Incoming Memory Crunch Dwarfs Other Limits
High-bandwidth memory (HBM) faces massive shortages as clusters demand terabytes per rack. Patel forecasts this as the "enormous incoming memory crunch," outpacing logic or power issues.
US Power Scales Without Crisis
Contrary to hype, US power ramps easily—20 gigawatts yearly via gas peakers, nuclear restarts, and grid upgrades.
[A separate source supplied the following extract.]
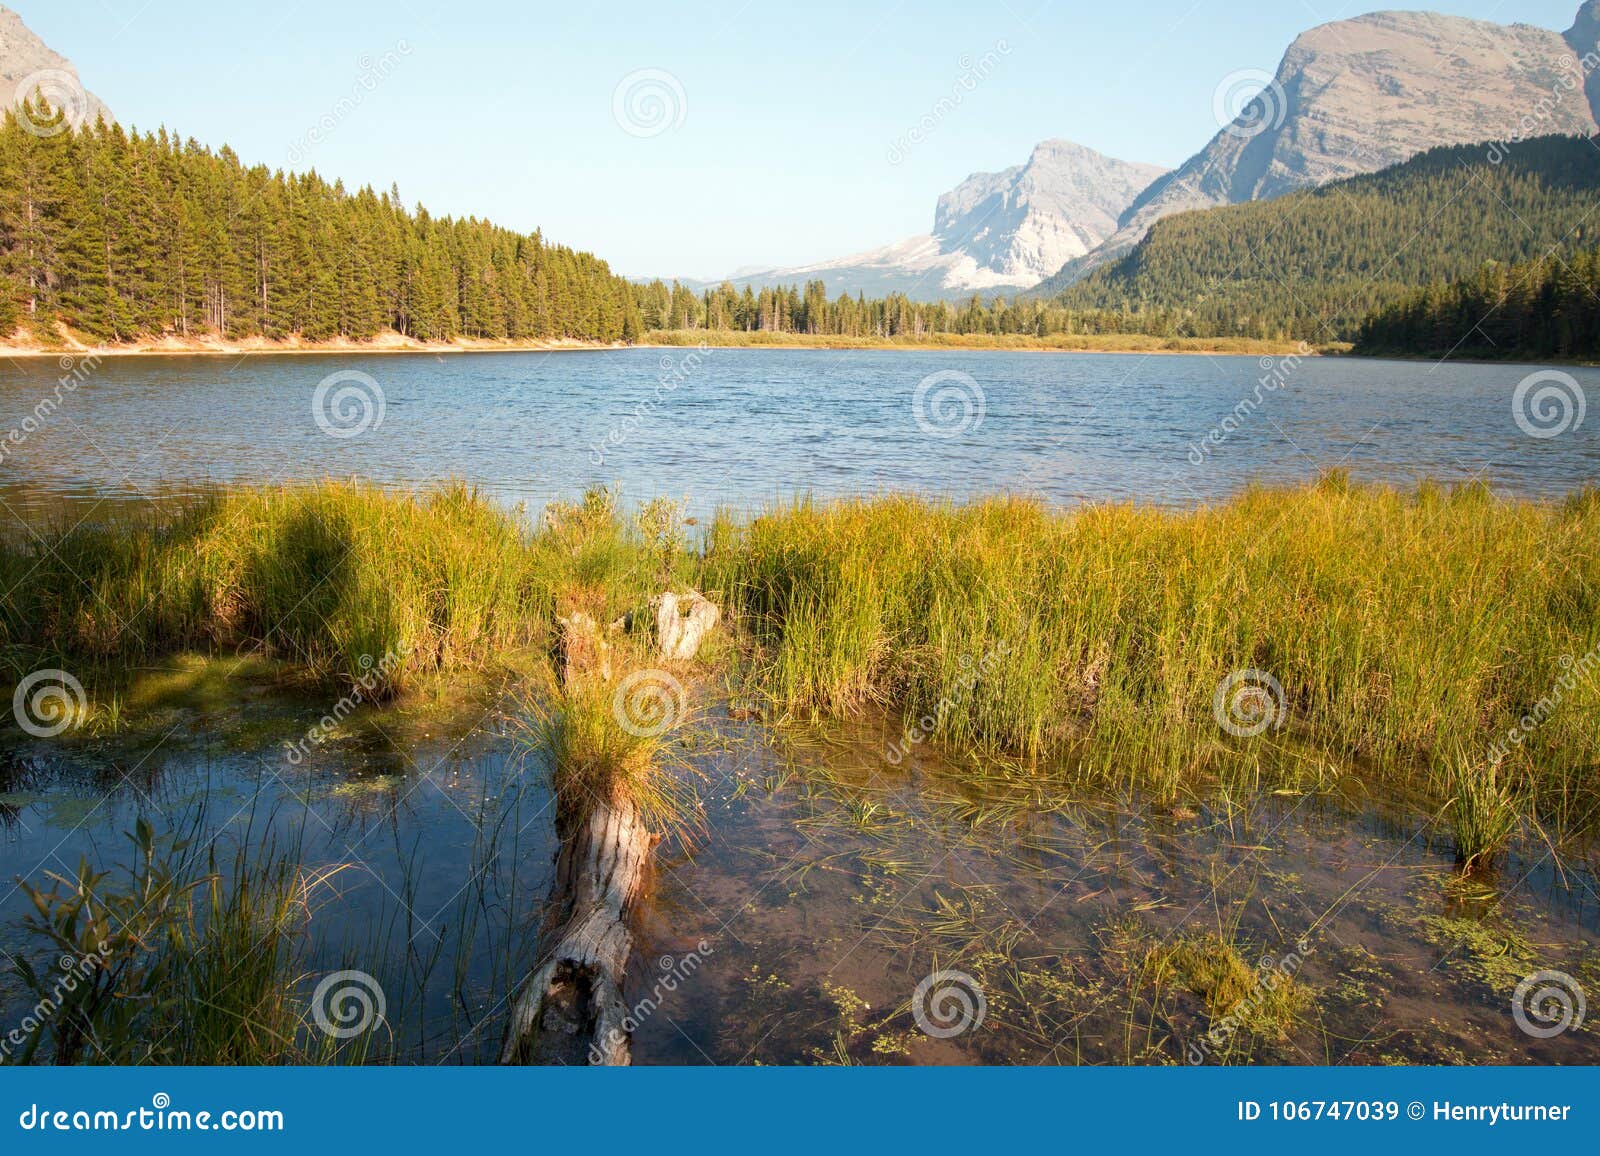 grassy shore of fishercap lake in glacier national park in montana usa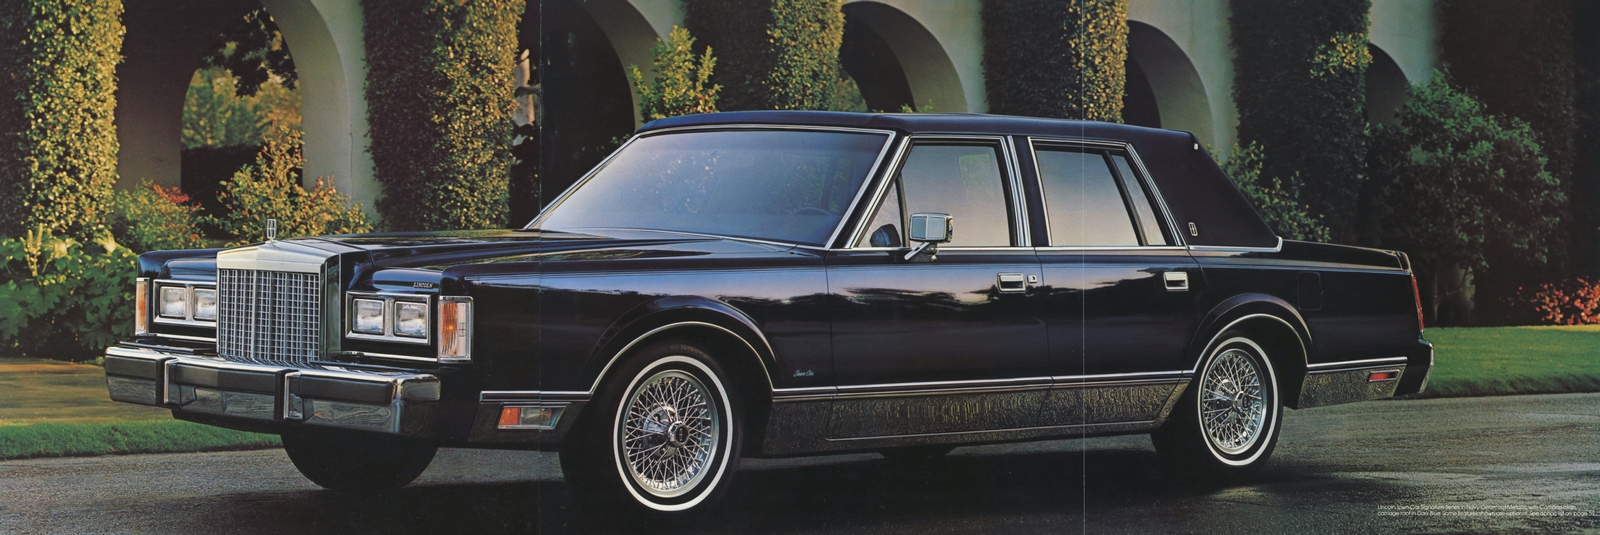 n_1985 Lincoln Full Line Prestige-41-42-43.jpg

Space GPUs remain sci-fi this decade.
"Scaling power in the US will not be a problem," Patel asserts.
Hedge funds undervalue AGI bets amid these dynamics.
Key Takeaways
- Model CapEx timelines over 3-5 years: 2025's $600B funds 2027-2029 builds like turbines and PPAs, not instant 50GW.
- Secure compute early via aggressive multi-provider deals; spot markets add 50%+ premiums.
- Bet on supply-constrained utility over infinite-supply depreciation—H100s gain value with better software.
- Prioritize ASML/TSMC allocation and HBM stockpiles; logic/memory bottleneck AI by 2030.
- US power isn't the limiter—focus grid deals and peakers for 20GW/year ramps.
- Revenue inflection demands 2-3x inference compute yearly; flat training assumes efficiency gains.
- Diversify beyond hyperscalers: neoclouds like CoreWeave hold excess H100s for quick scaling.
- Watch TSMC priorities—AI trumps consumer like Apple on advanced nodes.
Notable quotes:
- "If you sign a deal at $2/hour for those five years, your gross margin is roughly 35%... Now you can crowd out all of these other suppliers." — Dylan Patel on H100 pricing power.
- "Dario... was very conservative... ‘I don’t want to go bankrupt.’ But in reality, he’s screwed the pooch compared to OpenAI." — Dylan Patel contrasting lab strategies.
- "These labs are in a competitive environment, so their margins can’t go to infinity. You sort of have this dynamic that is quite interesting." — Dylan Patel on GPU value dynamics.
- "ASML will be the #1 constraint for AI compute scaling by 2030." — From timestamps, underscoring lithography limits.